I wrote this story to tell at a storytelling
circle in April 2023. The guest storyteller,
Lori Oschefski told the story of the British Home Children. Between 1869 and 1948, 100,000 poor children
were forced to emigrate to Canada because they were orphans or their parents
were too poor to keep them.
My parents emigrated from England to Canada in the 1950’s
and I was, as far as I can tell, the first person in our family to be born on
this side of the Atlantic Ocean. My
parents and their parents before them were born in the Northwest of England, in
Greater Manchester, specifically, the town of Oldham. There is evidence of people living on that
land for the past seven to ten thousand years.
Neolithic, Roman, Celtic and Anglo-Saxon people lived there but it was
the Danes or Vikings that established a permanent hamlet there from 865 and
called it Aldehulme which means a “high place”.
Indeed, Oldham as the hamlet later became known, in the historic
county of Lancashire, is situated on the west side of the Pennine Hills which
form the “backbone of England”. Since
the land is rocky and hilly, it wasn’t very good for growing crops. However, it was excellent for raising sheep
and the area became known for wool spinning and weaving. That was, until the Industrial
Revolution. It turned out that Oldham
also had coal deep beneath it that was good for running the machines of the
Industrial Revolution and the wet climate was excellent for working with
textiles. Oldham went from being a small
hamlet to an urban centre with 400 cotton mills over the period of one hundred
years.
In the 1800’s people were being forced off of the land by
rich landlords and into the industrial towns.
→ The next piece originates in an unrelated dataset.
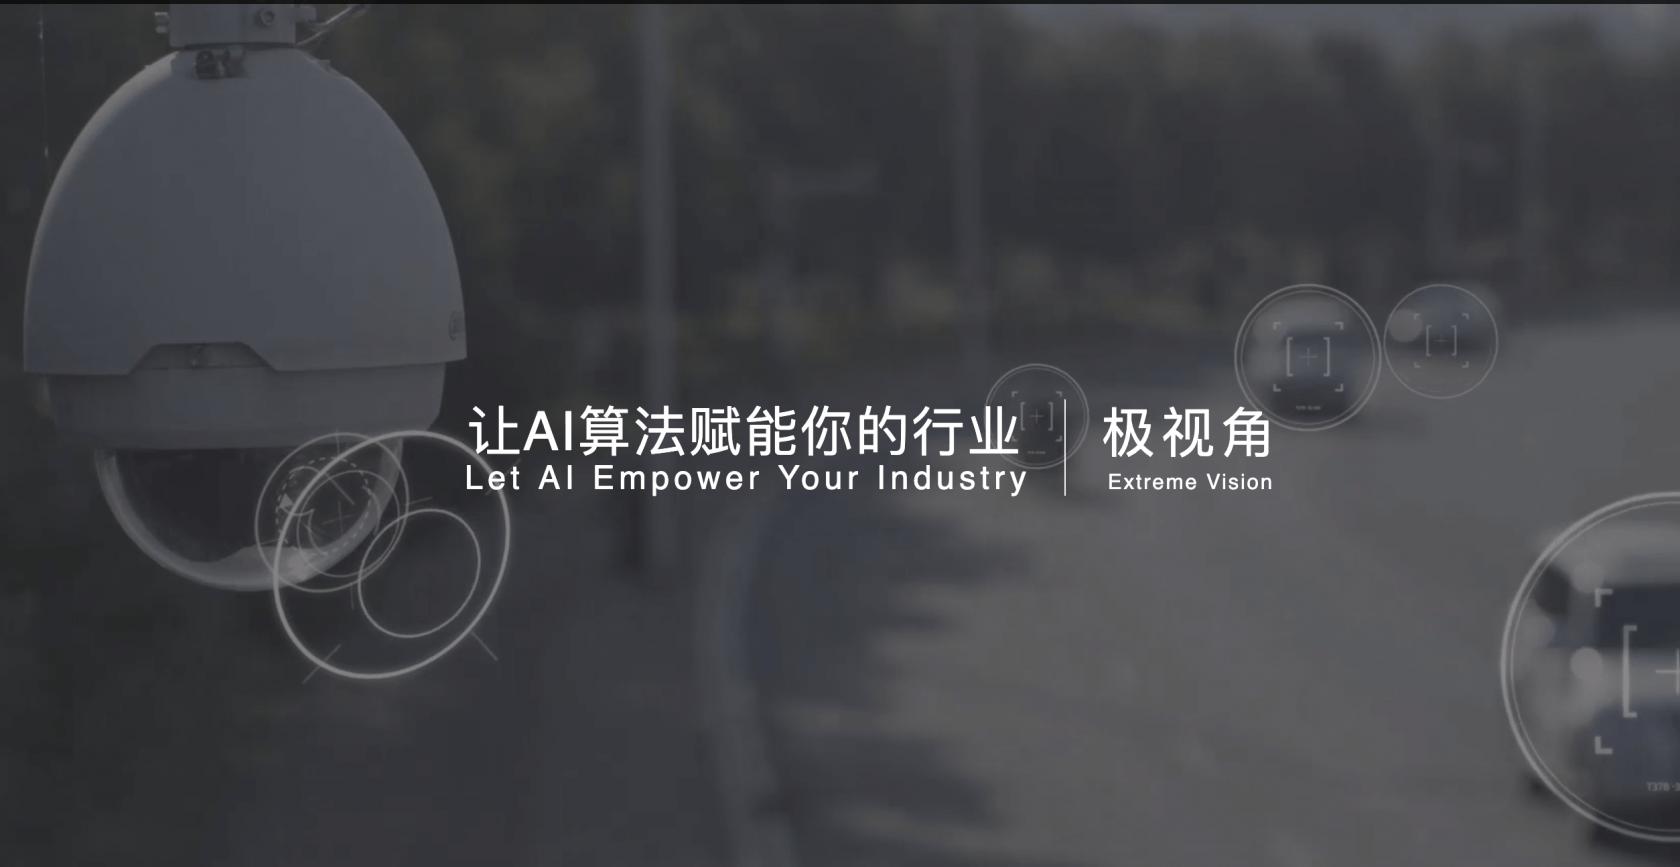 [深圳][15-25k] AI 平台 PHP 工程师

Some of my great grandparents and many of my
great great grandparents moved to Oldham from Ireland, Yorkshire and the south
of England around that time no doubt as part of that rural to urban migration. In
Oldham, the new spinning and weaving machines put the people who had worked in
cottage industries out of work. At
first, the mills hired only women and children over the age of 4 to work in the
mills. They could pay them less than men
and the increased productivity led to even larger profits. They began importing
cotton from India and cotton that was grown by enslaved people in America. During times of economic recession, there was
huge urban unemployment and poverty.
In medieval times, the poor were taken care of by the
monasteries but after 1536 when Henry VIII destroyed them there was a gap. By the end of his daughter Queen Elizabeth I’s
life in 1601 there was a huge problem and the government enacted the Poor Law under
which aid was given at the parish level. This worked for about two hundred
years. However, with the influx of
people into the towns and cities during the Industrial Revolution this system
broke down. And so, in 1834, the Poor
Law was amended but not for the betterment of the poor. Instead, poor houses were constructed that
were so horrible that only the more destitute of people would accept that
fate. This attitude towards the poor was
probably part of the decision to send poor children to Canada and elsewhere as “Home
Children”.
During the Industrial Revolution, Lancashire was known for
revolts, trade unions and people fighting for more equity. They didn’t just accept that this was their
lot in life. My great uncle Stirling
Marron was a counsellor, alderman and for a time, mayor of Oldham. Once the
National Health Service was established in 1948, he fought to have the mentally
ill taken care of under the NHS instead of under the Poor Law. By 1959 this was achieved.
When I think of the strengths that my ancestors have passed
down to me, one of them is this working towards a more equitable society. That runs very strongly in me. As I learn about what my ancestors had to
live through, I can see that they have also passed resiliency down to me. I also connect to the work of spinning and
weaving through my love of working with textiles and the through the metaphor
of weaving together people in community, or the weaving of ideas. I also learned that I come from a line of Lancashire
storytellers and that form of expression feels very natural to me.
I recently decided
to listen to an audio book on the History of Britain by Simon Schama. The combined three volumes took 55 hours of
listening. The history of Britain is a history of power-over hierarchy in which
the monarchy, the churches and the governments battle endlessly for power and
fund these battles through sucking wealth up from those at the bottom of the
pyramid. It is a history of systematically creating poverty. And
that story didn’t change when they came to North America. It was the same old, same old. Take the land you want, kill or starve those
who were already there and force assimilation on them. The story is at least two thousand years
old. And so, my ancestors couldn’t teach
me how to live here on Turtle Island in a good way. They had no idea how to do that.
Instead, it has been the ancestors of the people Indigenous
to Turtle Island who are teaching me how to live in a good way, on this
land. I hear their voices in the Elders
and Knowledge Keepers, in the voices of Indigenous authors and in the voices of
the children who are being found in unmarked graves on the sites of former
Residential Schools. They are sharing
their worldview and ways of knowing and they are my teachers. They remind me
that the earth and the water and all of life is sacred. They teach me about a worldview in which all
of life is interconnected and valuable without a hierarchy.
And so, it seems that only by putting together the gifts that
my ancestors from the UK have passed down to me with the gifts of the Indigenous
ancestors on this land can I learn to live here in a good way, working for more
equity, weaving a worldview that has room for everyone and telling a new story.